Task details | Write the data out again exactly, with no pictures.

Provided material |
**********

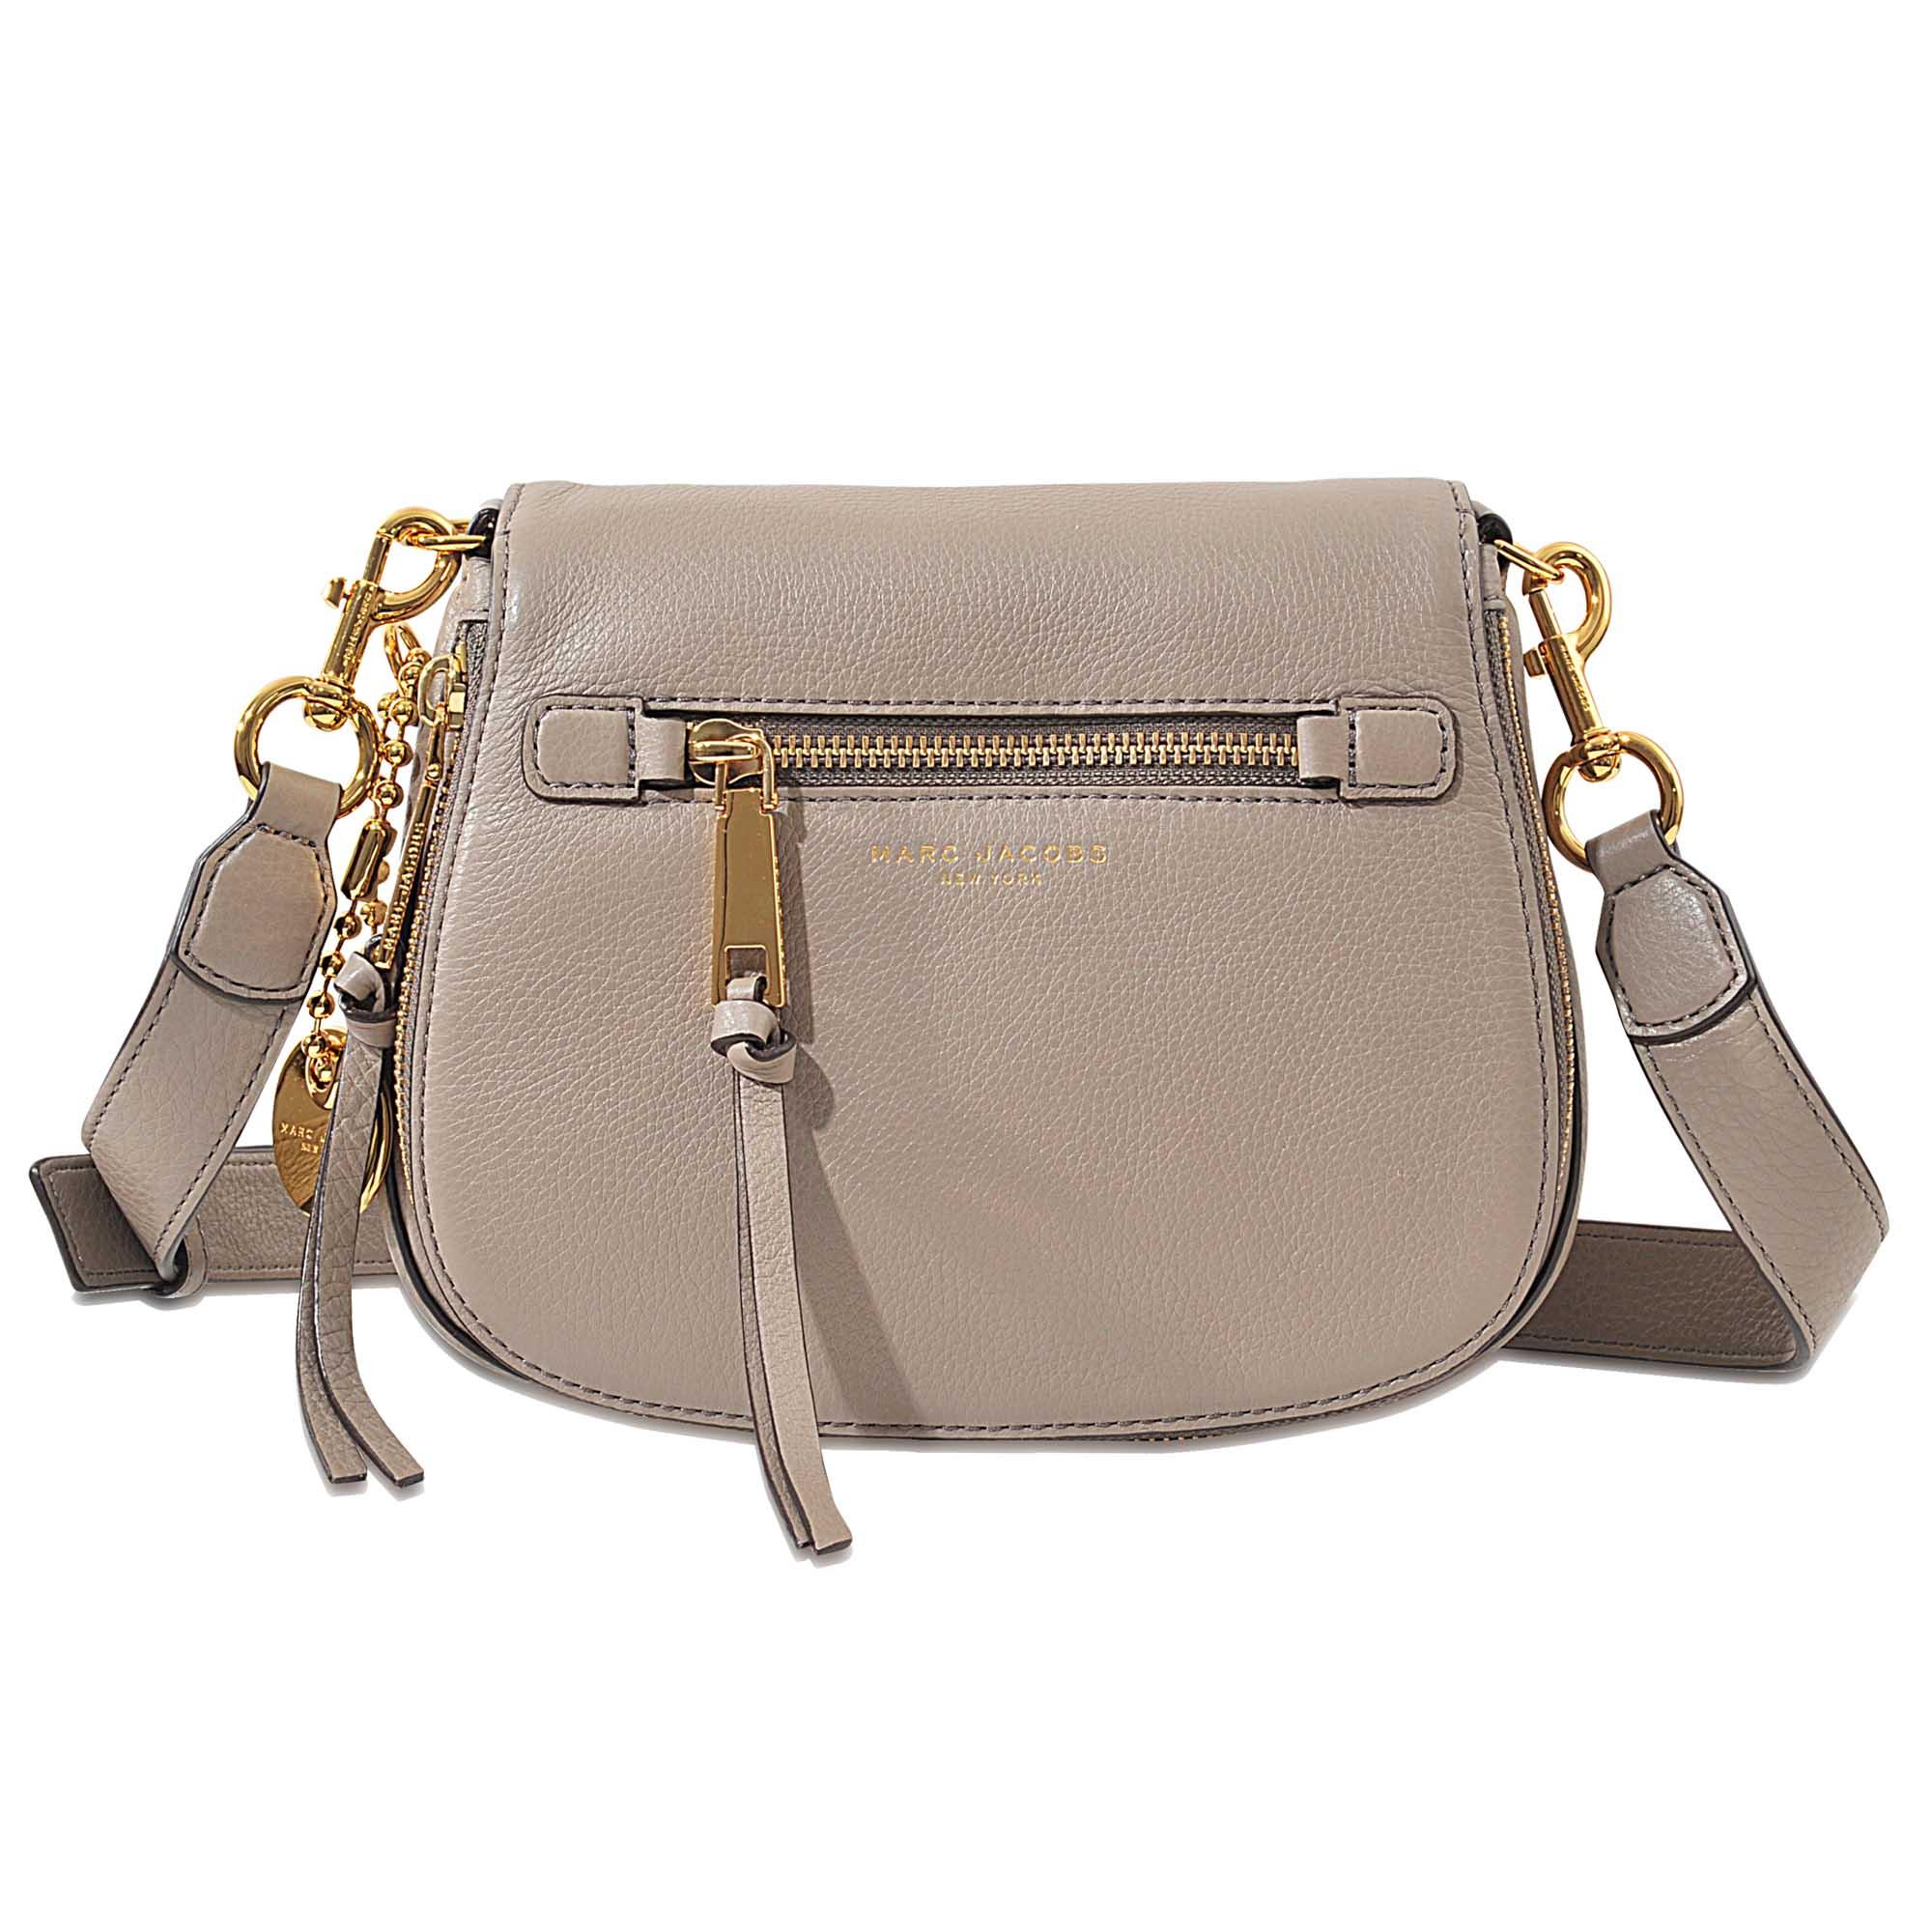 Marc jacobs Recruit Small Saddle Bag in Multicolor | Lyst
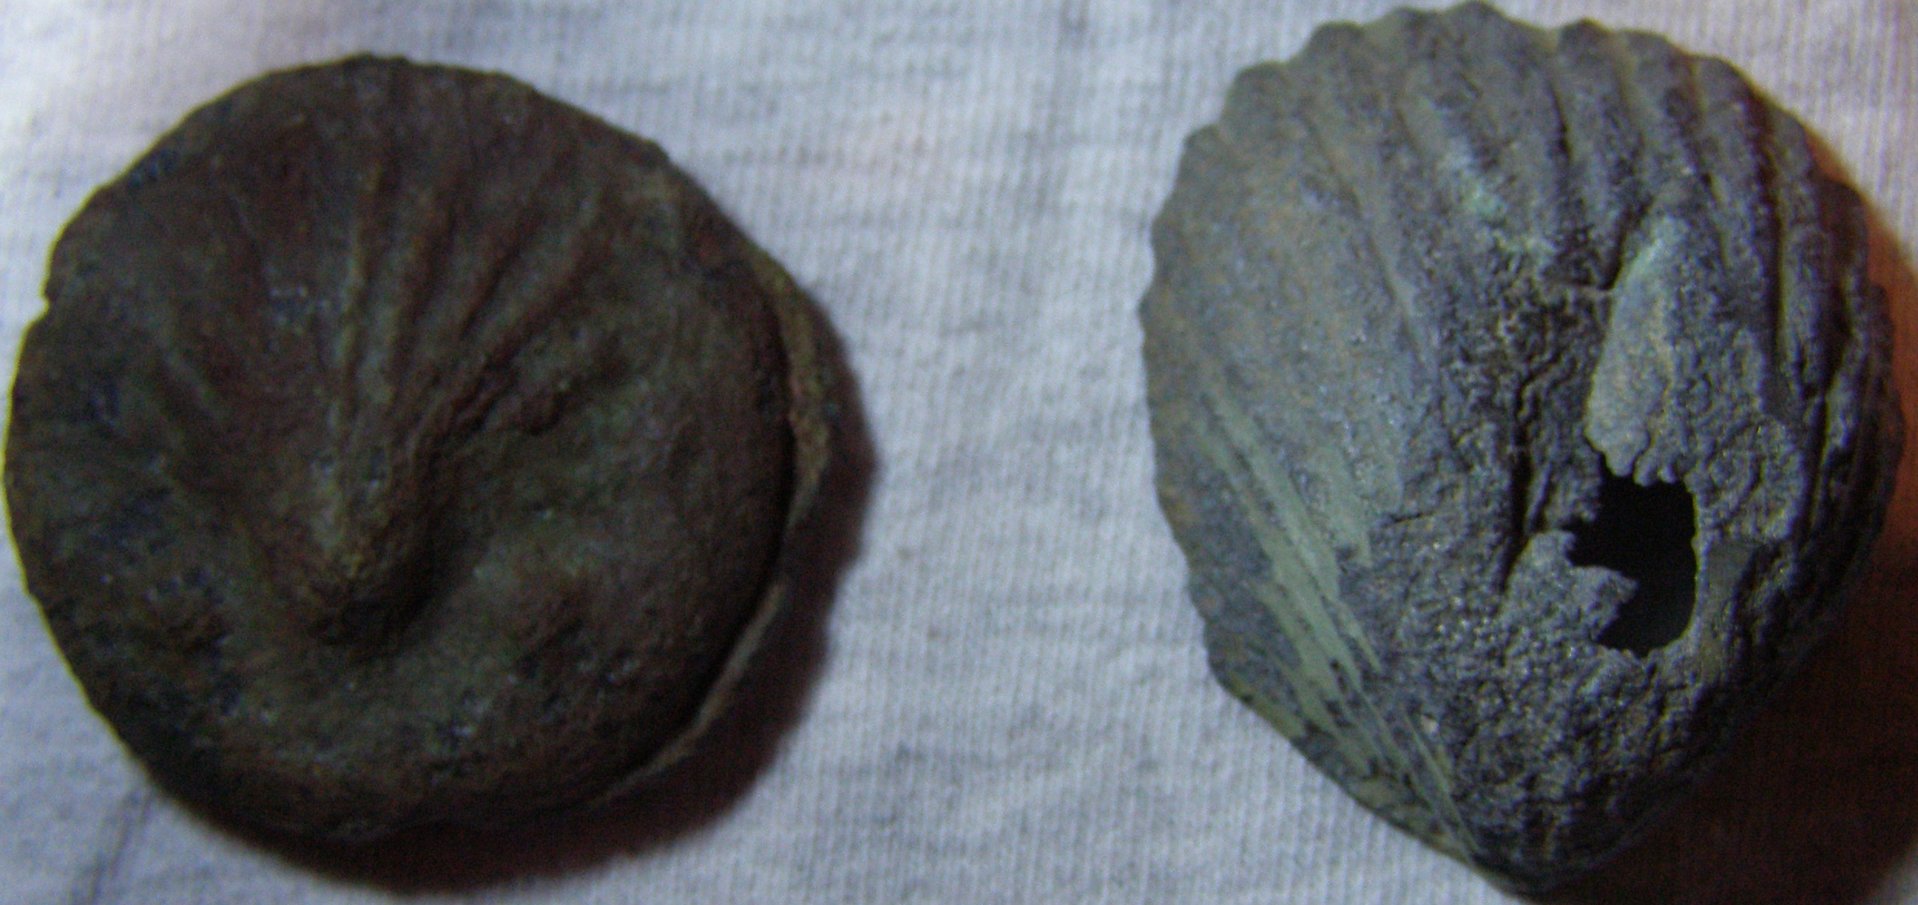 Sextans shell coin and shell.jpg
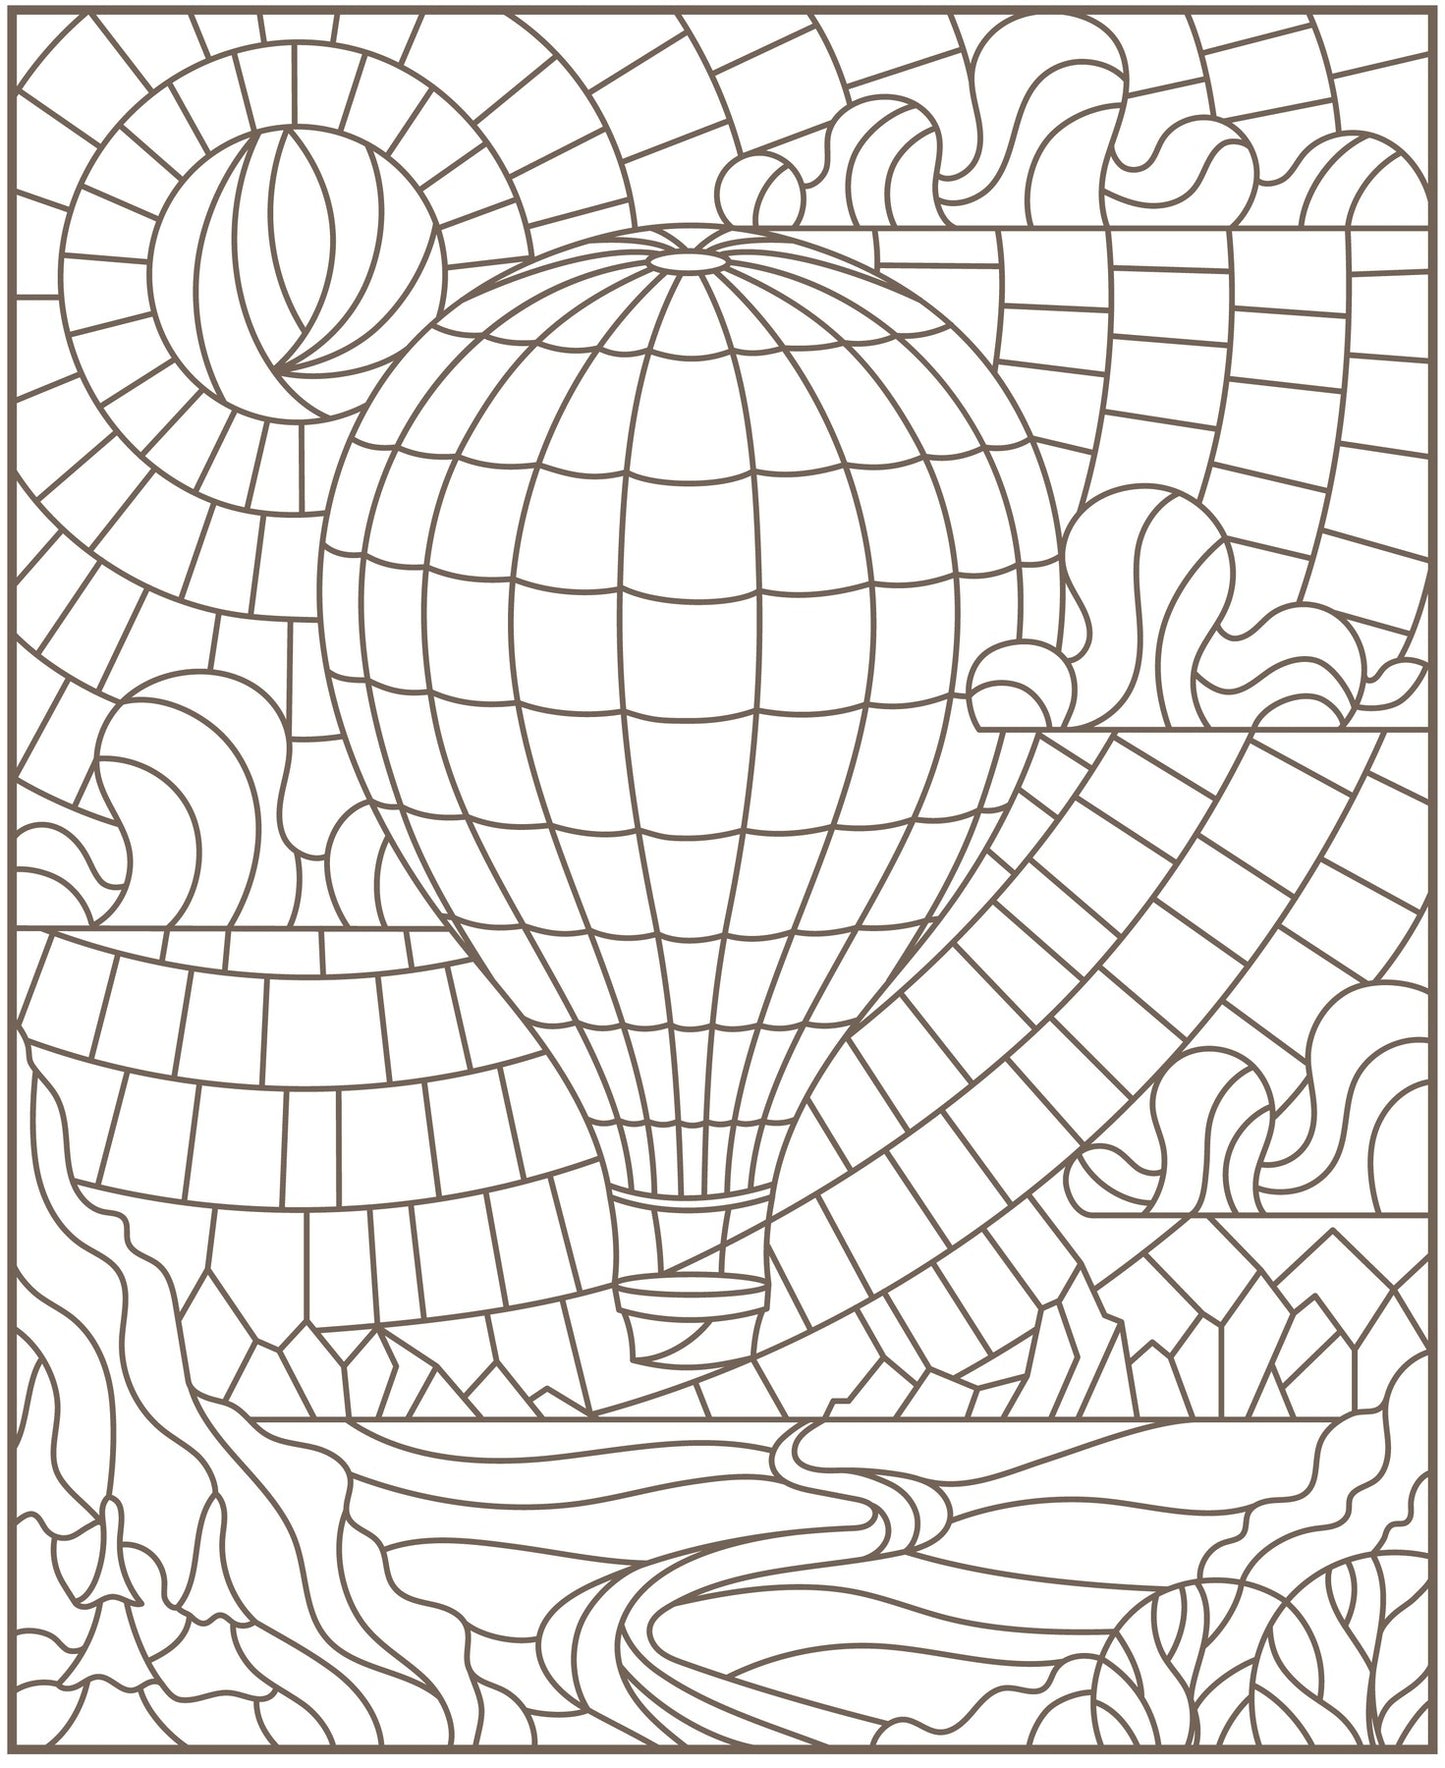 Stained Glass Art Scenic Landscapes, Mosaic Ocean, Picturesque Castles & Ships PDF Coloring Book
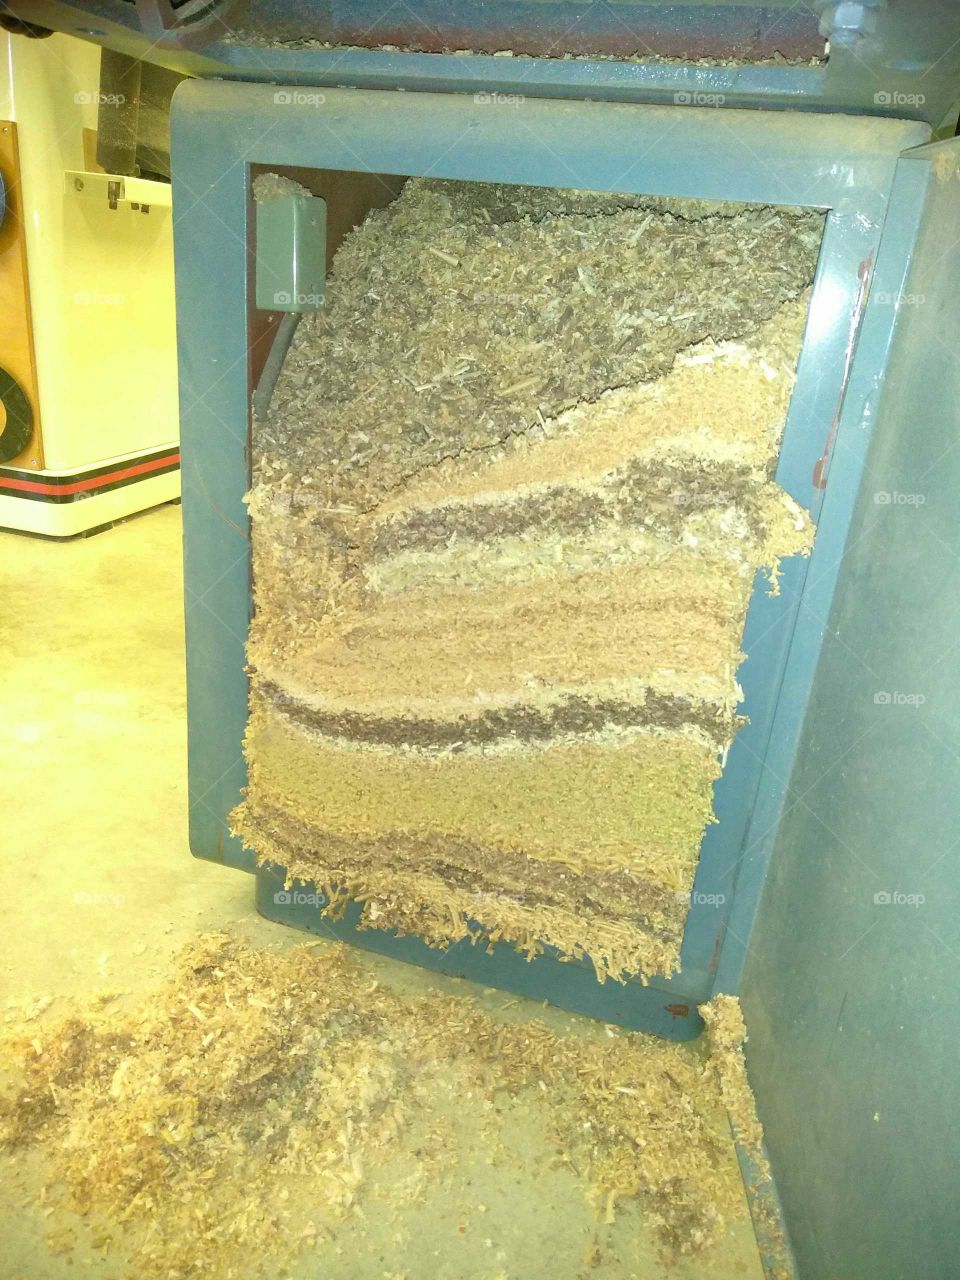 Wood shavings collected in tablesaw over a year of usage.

**********

Written solution |
 Marc jacobs Recruit Small Saddle Bag in Multicolor | Lyst
 Sextans shell coin and shell.jpg
 Stained Glass Art Scenic Landscapes, Mosaic Ocean, Picturesque Castles & Ships PDF Coloring Book
 Wood shavings collected in tablesaw over a year of usage.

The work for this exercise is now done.